Three-way match as an internal control

Accounts payable is one of the areas that is likely to involve errors or misappropriation of assets. Internal controls will help to mitigate such risks. The three-way match is a well-known control related to accounts payable.

1. Importance and nature of the three-way match

The purchasing and accounts payable areas represent high risks associated with errors or asset misappropriation.  Making sure that such errors and misappropriations are mitigated is important and sometimes vital to the survival of a company.  One of the most known mitigation factors is internal controls; and the three-way match in particular (i.e., there are other controls, of course, like segregation of duties.)

The three-way match is a process of comparing information on vendor invoices (vendor bills), company purchase orders, and receiving reports and resolving any mismatches to ensure payments are processed for valid and authorized purchases.

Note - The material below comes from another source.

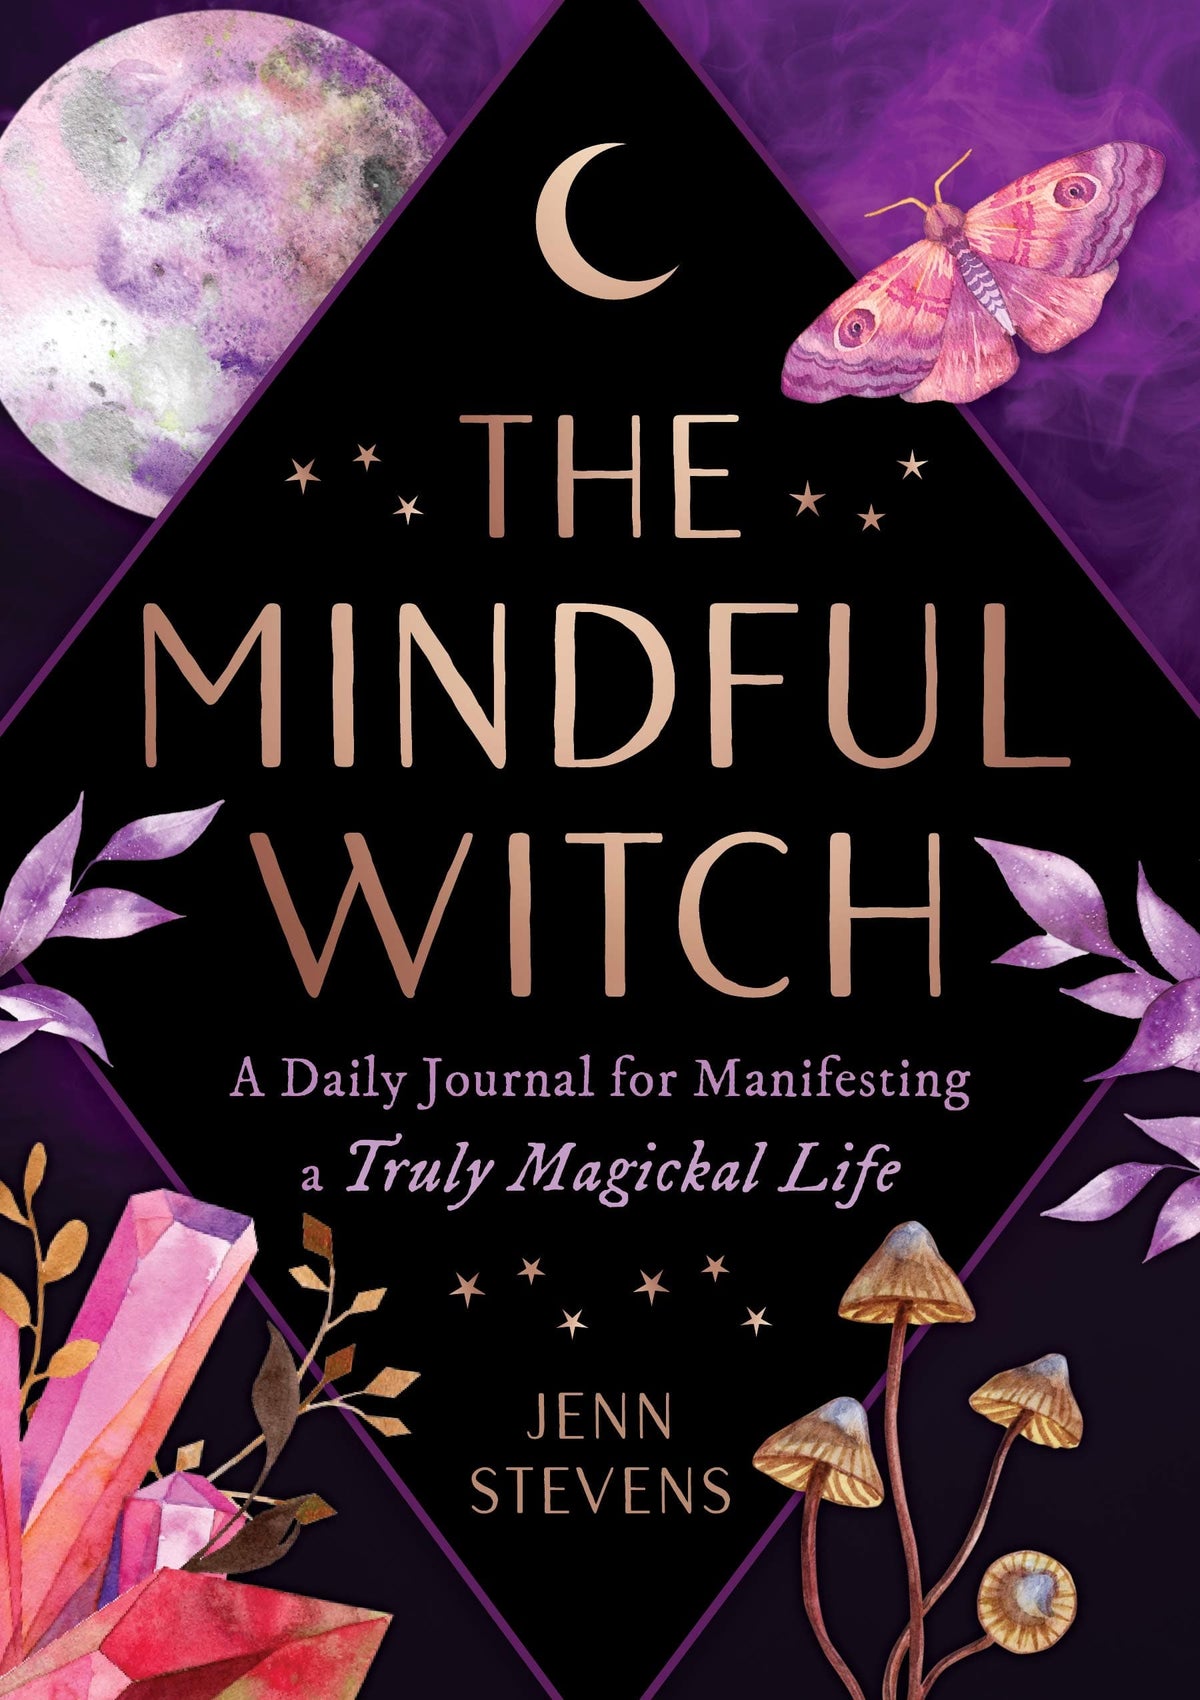 Mindful Witch: Daily Journal for Manifesting a Truly Magickal Life HC - Third Eye

From the description above, the following documents should be compared before a payment to a vendor (supplier) is processed:

  • Vendor invoice (bill)
  • Company purchase order
  • Company receiving report

There may be variations of the three-way match:

  • Two-way match is when vendor invoices (bills) are compared to company purchase orders.  This variation omits the comparison of vendor invoices and purchase orders to company receiving reports because such receipts are not used or are not required.  This may be applicable to service organizations that do not buy physical items, so there are no receiving reports.
  • Four-way match is when vendor invoices (bills), company purchase orders, company receiving reports, and (company) inspection reports are compared.  In this variation, the fourth document is an inspection report for received goods.

Typically, the three-way match is performed in the Accounts Payable department.  Accounts Payable personnel receive all required information and conduct the three-way match before a payment is sent to a vendor.  On a side note, depending on the company size, purchase orders will likely be prepared by the Purchasing department and receiving reports will be prepared by Warehouse personnel.  Purchase orders and receiving reports are forwarded to the Accounts Payable department either manually or within a software package (see below).

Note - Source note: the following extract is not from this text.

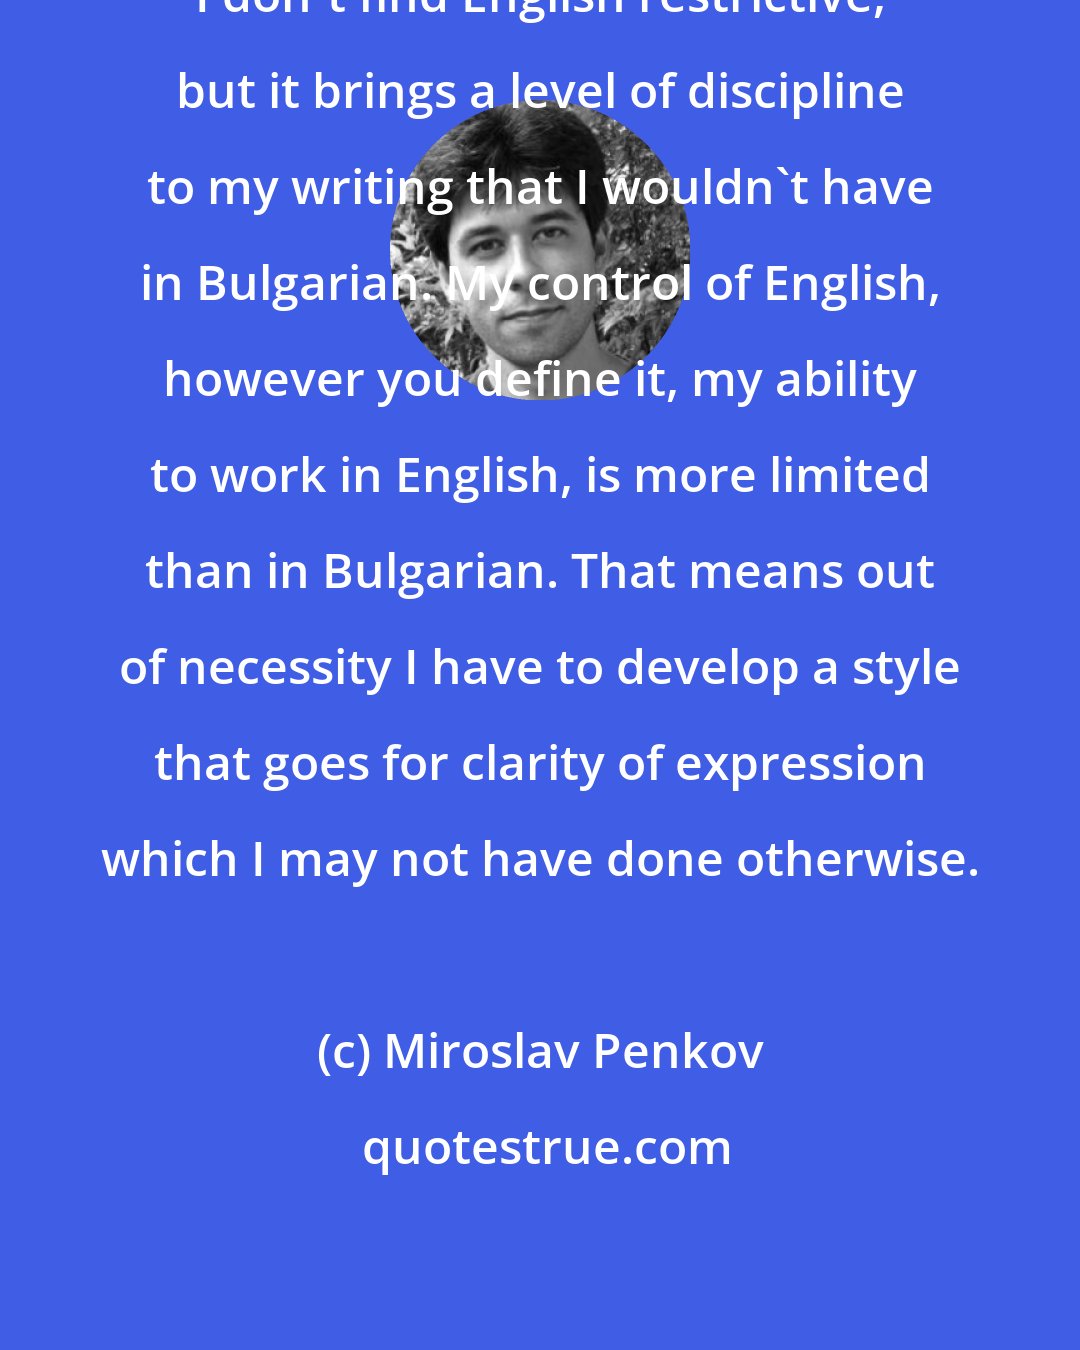 Miroslav Penkov: I don't find English restrictive, but it brings a level of discipline to my writing that I wouldn't have in Bulgarian. My control of English, however you define it, my ability to work in English, is more limited than in Bulgarian. That means out of necessity I have to develop a style that goes for clarity of expression which I may not have done otherwise.

The comparison criteria will be defined by each company as business peculiarities and requirements may vary.  The Accounts Payable department (or software) may compare the vendor name, item prices, and item quantities, among other terms.

If information on documents matches, a vendor invoice (bill) is processed for payment.  If there are discrepancies, the invoice is put on hold and investigation takes place.  The Accounts Payable department may need to engage the Purchasing department or Warehouse personnel to resolve differences.  Depending on the results of such investigation, the differences may be resolved or they may be approved and the vendor invoice is then processed for payment.  If no resolution is found, the vendor invoice is rejected (i.e., the vendor may adjust the invoice and resubmit it).

It may be inefficient to investigate small, insignificant differences and delay payments to vendors (which may irritate vendors or eliminate an opportunity to take early payment discounts).  Therefore, sometimes tolerable deviation variances are allowed by company policies.  For example, a quantity difference or price difference of 5% or less can be considered acceptable and no investigation would be deemed necessary; the vendor invoice would be processed for payment.

Nowadays, a lot of companies, especially mid-size to large corporations, use sophisticated software packages (e.g., ERP) that integrate purchase order, inventory receipt, and accounts payable processes.  Such software will likely include the three-way match as one of the software functions and will perform all matching automatically.  If there are no mismatches, the system will route vendor invoices to payment.  If there are differences, they will be subjected to tolerable deviation criteria (which are usually customizable within the software), and those exceeding tolerable variances will require intervention from the company personnel.